Cross-Lingual Textual Entailment (CLTE) is the task of identifying multi-directional entailment relations between two sentences, T1 and T2, written in different languages.
Each T1/T2 pair in the dataset is annotated (XML format) with one of the following entailment relations:
- Bidirectional (T1 ->T2 & T1 <- T2): the two fragments entail each other (semantic equivalence)
- Forward (T1 -> T2 & T1 !<- T2): unidirectional entailment from T1 to T2
- Backward (T1 !-> T2 & T1 <- T2): unidirectional entailment from T2 to T1
- No Entailment (T1 !-> T2 & T1 !<- T2): there is no entailment between T1 and T2
Both T1 and T2 are assumed to be TRUE statements; hence in the dataset there are no contradictory pairs.
The CLTE datasets have been created within the EU-funded project Cosyne (Multilingual Content Synchronization with Wikis).
Various CLTE datasets covering different language pairs are available.
CLTE-Semeval Benchmark
The following data was created for the Cross-lingual Textual Entailment (CLTE) for Content Synchronization Task, wich was offered at Semeval-2012 and SemEval 2013.
Four language combinations are available, each containing 1,500 CLTE pairs:
- Spanish/English
- German/English
- Italian/English
- French/English
Additionally, a monolingual English dataset is available as a by-product of the data collection methodology (1,500 pairs).
The CLTE-SemEval dataset is licensed under a Creative Commons Attribution-NonCommercial-ShareAlike 4.0 International License.
Publications or presentations containing results obtained through the use of CLTE-SemEval should cite the following reference:
Matteo Negri, Luisa Bentivogli, Yashar Mehdad, Danilo Giampiccolo, and Alessandro Marchetti. 2011.
Divide and Conquer: Crowdsourcing the Creation of Cross-Lingual Textual Entailment Corpora.
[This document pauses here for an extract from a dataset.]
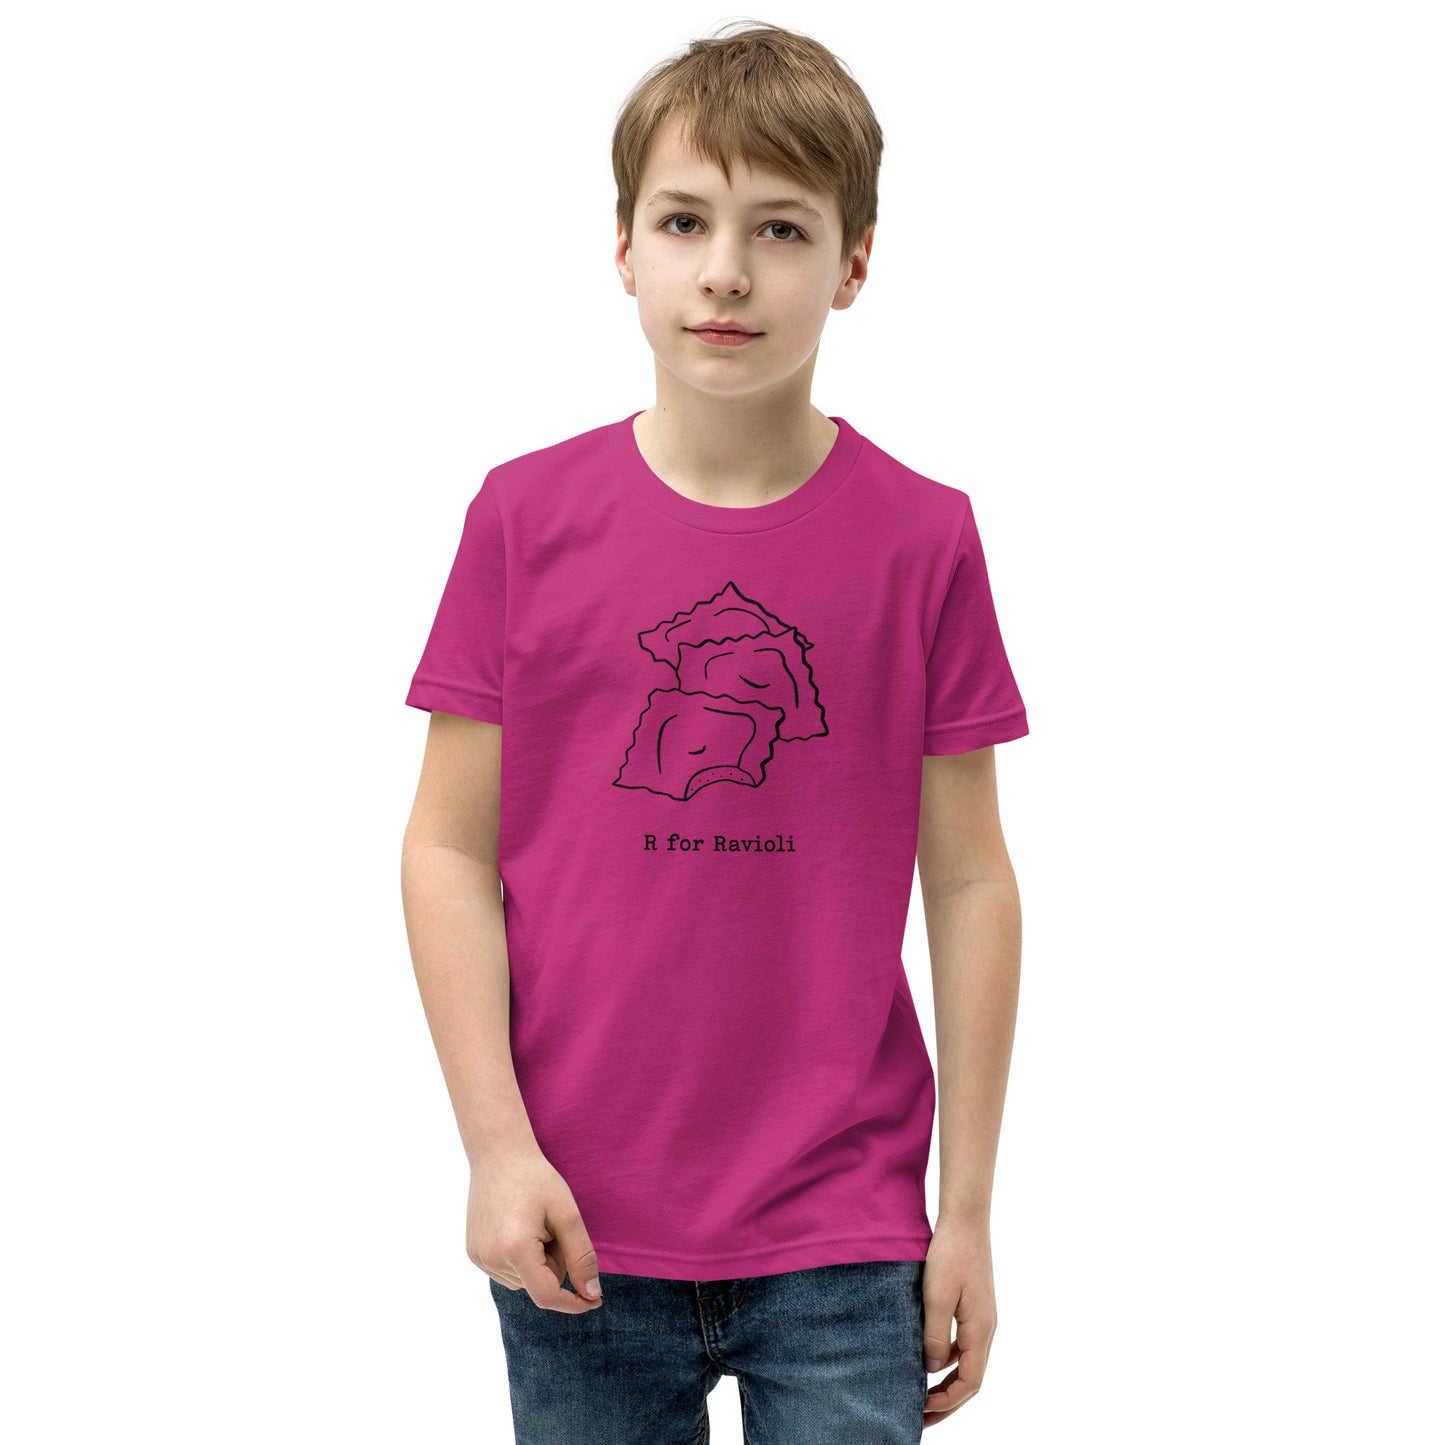 Ravioli on a Youth Short Sleeve T-Shirt

Proceedings of the 2011 Conference on Empirical Methods in Natural Language Processing (EMNLP 2011).
CLTE-Cosyne Benchmark
The CLTE-Cosyne Benchmark consists of:
- 1518 pairs for the language combinations English/Italian, English/German
- 800 pairs for the language combination Italian/German
In addition, two monolingual datasets are available, respectively for English (1518 pairs) and Italian (800 pairs).
To get the CLTE-Cosyne benchmark, please contact Matteo Negri (negri[at]fbk.eu)
Other references:
- Matteo Negri, Alessandro Marchetti, Yashar Mehdad, Luisa Bentivogli, and Danilo Giampiccolo. 2012. Semeval-2012 Task 8: Cross-lingual Textual Entailment for Content Synchronization. In Proceedings of the 6th International Workshop on Semantic Evaluation (SemEval-2012).
- Matteo Negri, Alessandro Marchetti, Yashar Mehdad, Luisa Bentivogli, and Danilo Giampiccolo. 2013. Semeval-2013 Task 8: Cross-lingual Textual Entailment for Content Synchronization. In Proceedings of the 7th International Workshop on Semantic Evaluation (SemEval-2013).
- Matteo Negri and Yashar Mehdad, Creating a Bi-lingual Entailment Corpus through Translations with Mechanical Turk: $100 for a 10-Day Rush. Proceedings of the NAACL HLT 2010 Workshop on Creating Speech and Language Data With Amazon’s Mechanical Turk.